Number of divisors of $10!$ 
Determine the amount of divisors of $10!$

This is a question in my combinatorics textbook, so I need to somehow reduce this to an elementary counting problem like combinations, permutations with or without repetition. I just don't see it. I can determine $10$ easy divisors, those are all the numbers $1$ through $10$ themselves. Then we can consider all possible products of these numbers, but then I get that a number can be either in the product , or not. I would get that it is $2^{10}=1024$ but the answer says it should be $270$.
What is going wrong here?
Note: $1$ and $10!$ are included
 A: You've overcounted quite a bit, because integer factorization is not unique unless we're talking about primes. So for example, you've got $4 \cdot 10 = 40 = 5 \cdot 8$ counted twice.

So rather than thinking about numbers between $1$ and $10$, think of prime powers. A number is a divisor of $10!$ if and only if it is of the form
$$n = 2^a \cdot 3^b \cdot 5^c \cdot 7^d$$
for appropriate ranges of $a, b, c, $ and $d$. I'll leave it to you to figure out why the values of $a, b, c, $ and $d$ range from $0$ to $8$, $4$, $2$ and $1$ respectively, giving
$$(8 + 1)(4 + 1)(2 + 1)(1 + 1) = 270$$
in total.
A: Hint
$$10!=2^{??}\cdot 3^{??}\cdot5^{??}\cdot 7^{??}$$
Now, any divisor must have the same primes with different powers...
The issue with your approach is that you are double and triple counting some divisors.
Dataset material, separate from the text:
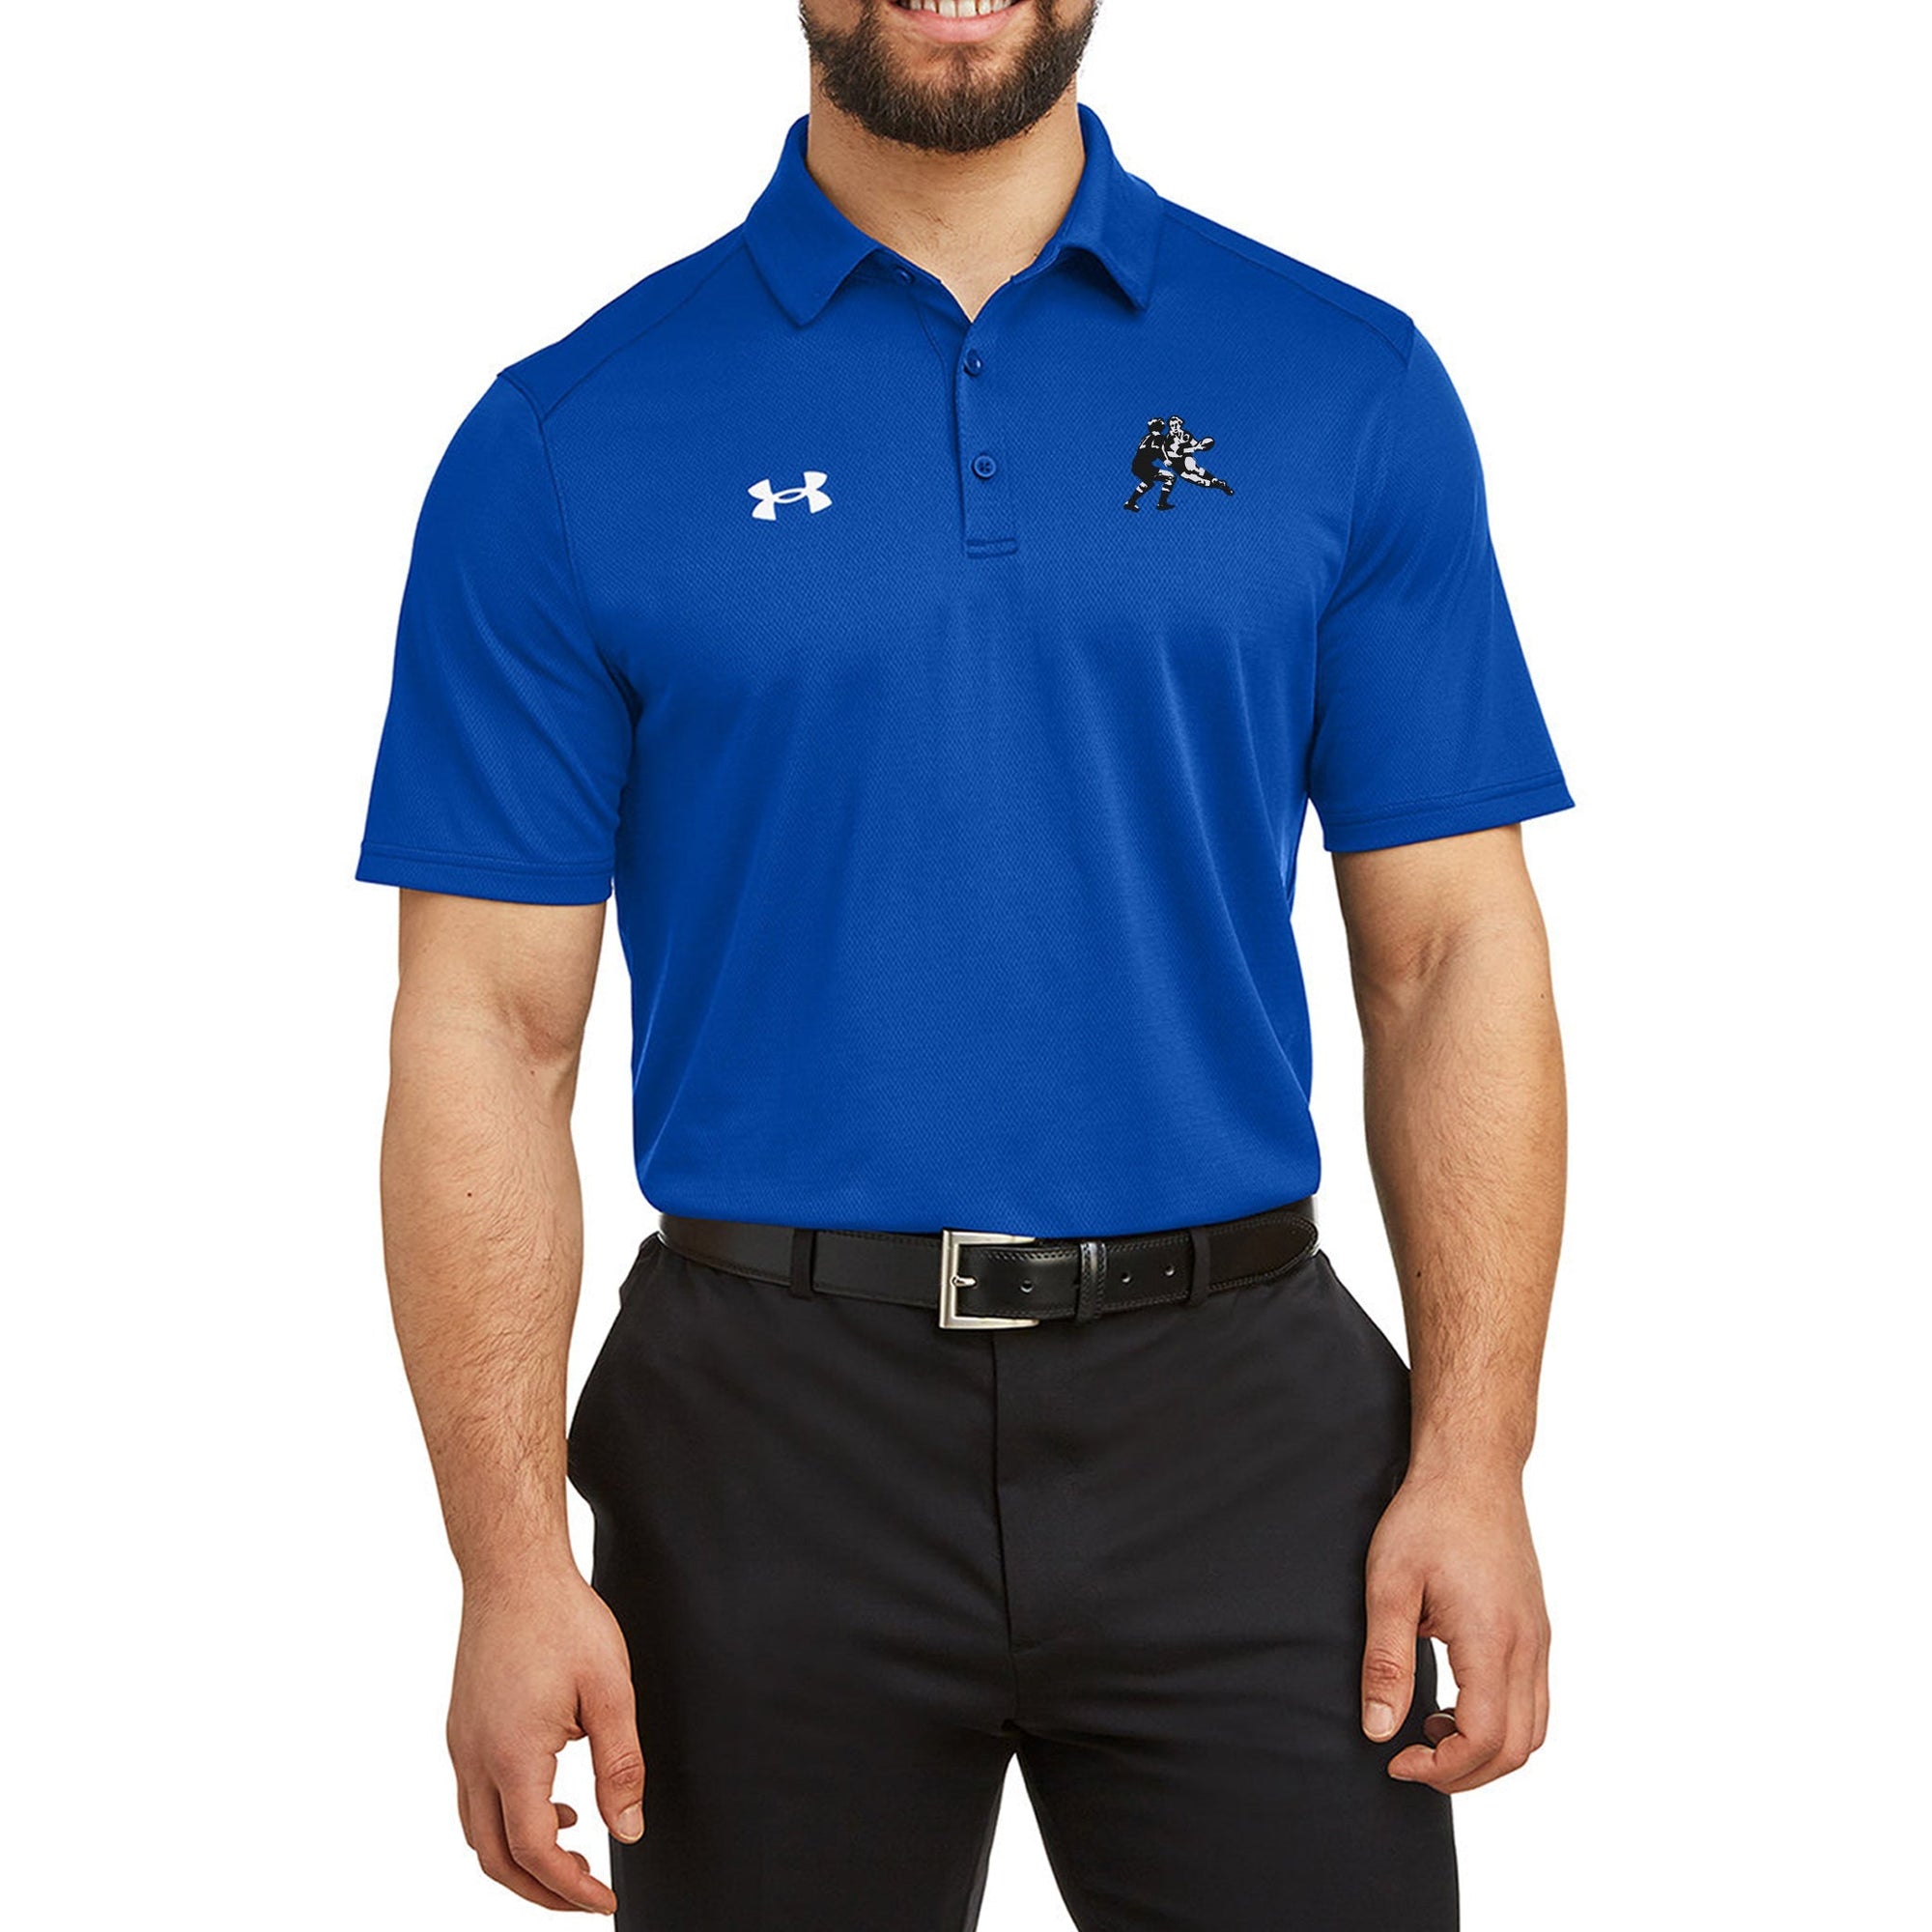 Rugby Imports Rugby Imports UA Team Tech Polo

For example, you counted $8$ as $8$ but then you also counted it as $2 \cdot 4$. Same way, most numbers divisible by $8$ are at least double counted.
You counted $24$ as the products $3 \cdot 8, 4 \cdot 6, 2 \cdot 3 \cdot 4$ and so on...
A: Hint for a smaller number: consider $2^3\cdot 3^2$ = 72. To make one of its factors, how many times do you want to use $2$?